The goblins don’t waste meat either. In nature, when a creature dies it often becomes meat for another creature. Make of that what you will, I’m not going to write spoilers into my own blog.
I do know people who read Fantasy genre as well as Romance, but they do know the difference. Adding a few fantasy elements to a Romance story does not make it a Fantasy genre story. It is still Romance. The fact that a few newer Fantasy stories like Game of Thrones is being read by younger readers is a good thing in my opinion and may well be the introduction to an old genre for many new readers, but not all of them will develop into Fantasy Geeks. There is a particular mindset that defines the Fantasy fan. We have been pushed into a corner where we have to label our kind of Fantasy as Epic or Sword and Sorcery or even as ‘speculative fiction’ to help weed it out from the new breed of YA with fantasy elements even when the exact categories don’t quite fit and we would rather maintain our ‘General Fantasy’ classification, but we will endure as a species apart.

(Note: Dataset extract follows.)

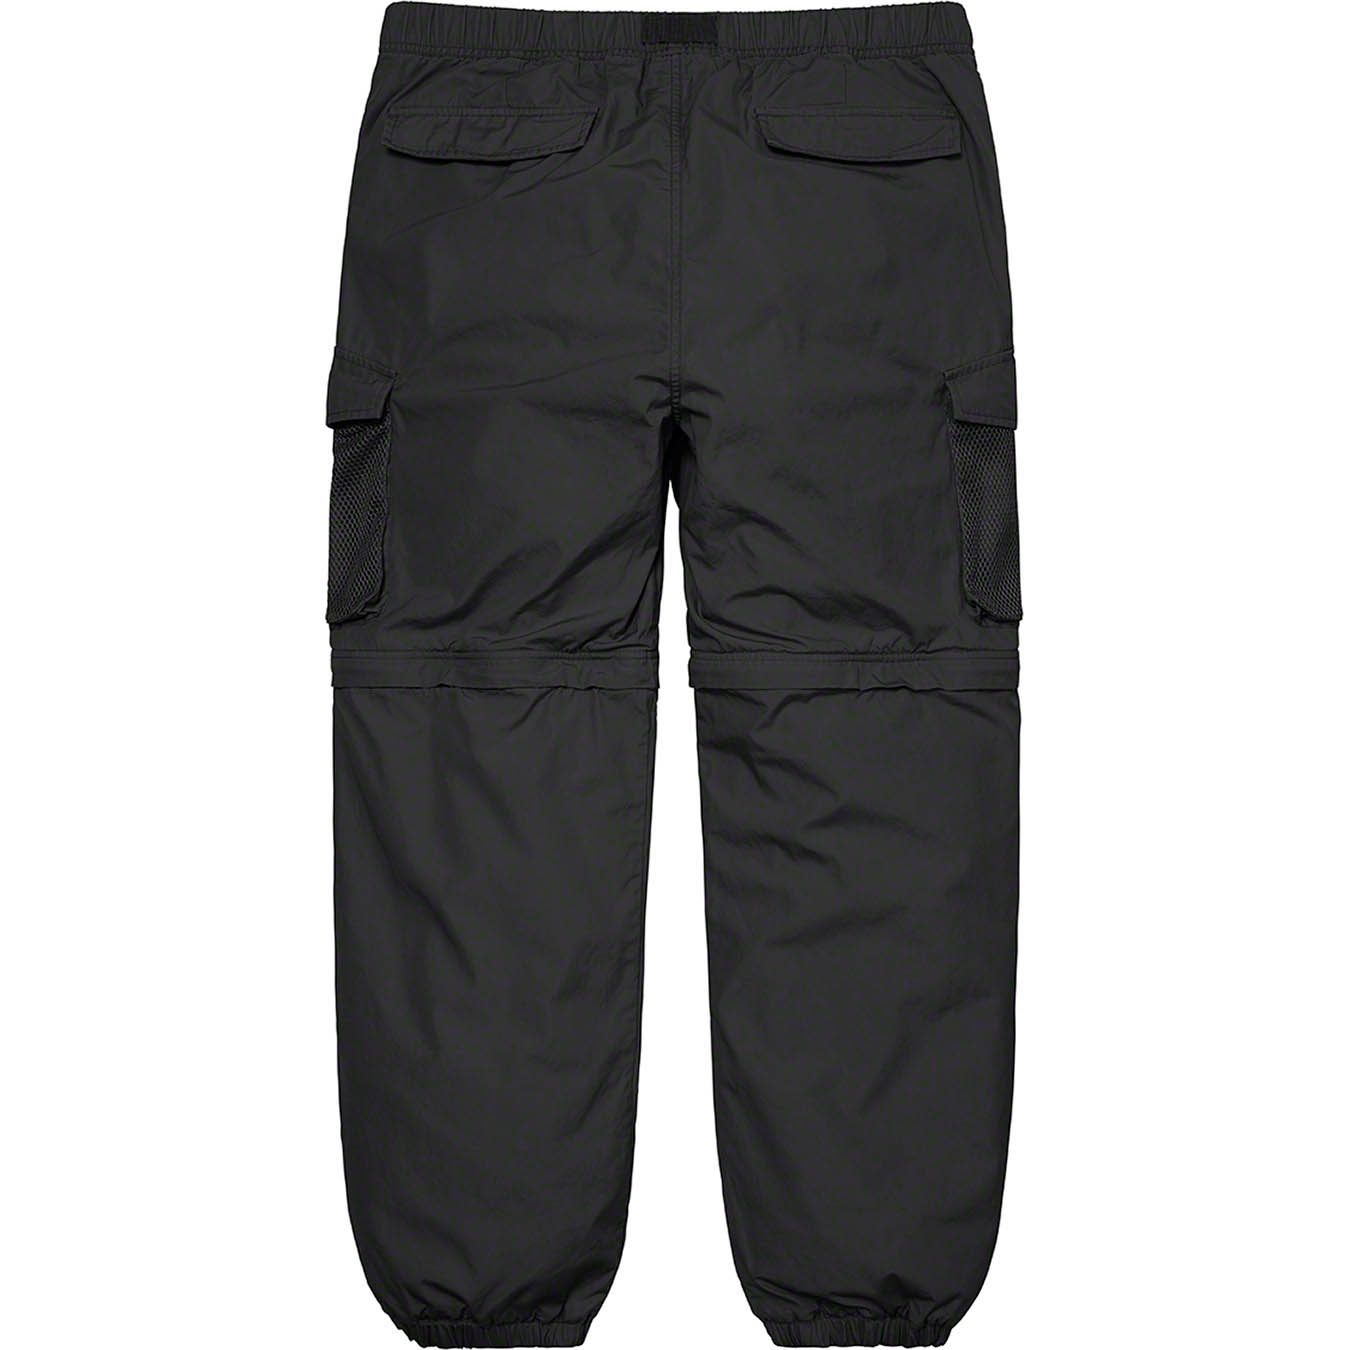 Mesh Pocket Belted Cargo Pant | Supreme 21ss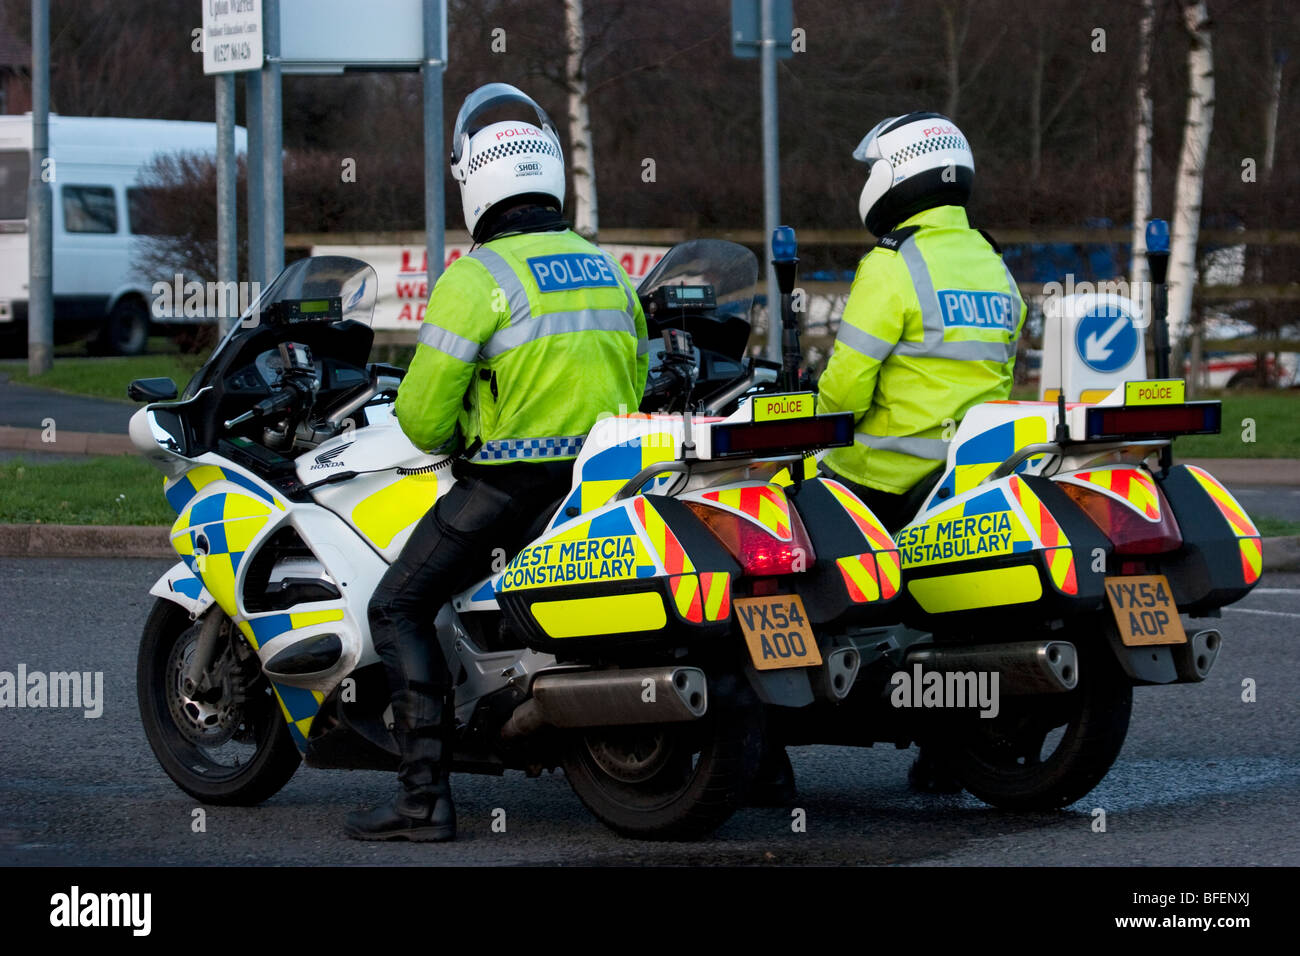 Polizei-Motorräder geparkt in Parkstreifen, England UK Stockfoto

The trouble this makes for writers of Fantasy is that we have to somehow convey to potential readers that might mistake ‘our’ Fantasy for the fantasy Romance stories that some may seek. Romance readers won’t find what they are looking for in my books. Everyone is entitled to enjoy whatever genre they choose, but I do not write YA or Romance books. I write for the Fantasy geeks, or in the case of my Steampunk for the Adventure reader. While most stories have some form of love interest somewhere in the plot, it is incidental in Fantasy and Adventure and while I never say never, I don’t see it becoming the primary focus of anything I write in the foreseeable future. I write the kind of books I like to read. I write for others of my species, and that means the Fantasy geeks that go to the conventions and recognise the references I scribbled earlier in this post.
So step through the mirror if you dare. Enter the world of the goblins, but beware. People die here. Happy endings are not guaranteed. The goblin world is dark and primal. If the sound of the drums moves you, perhaps you can grok why ecstatic dance is a part of the goblin culture. Bring your sword, but watch your manners. In the goblin caverns, all men are meat.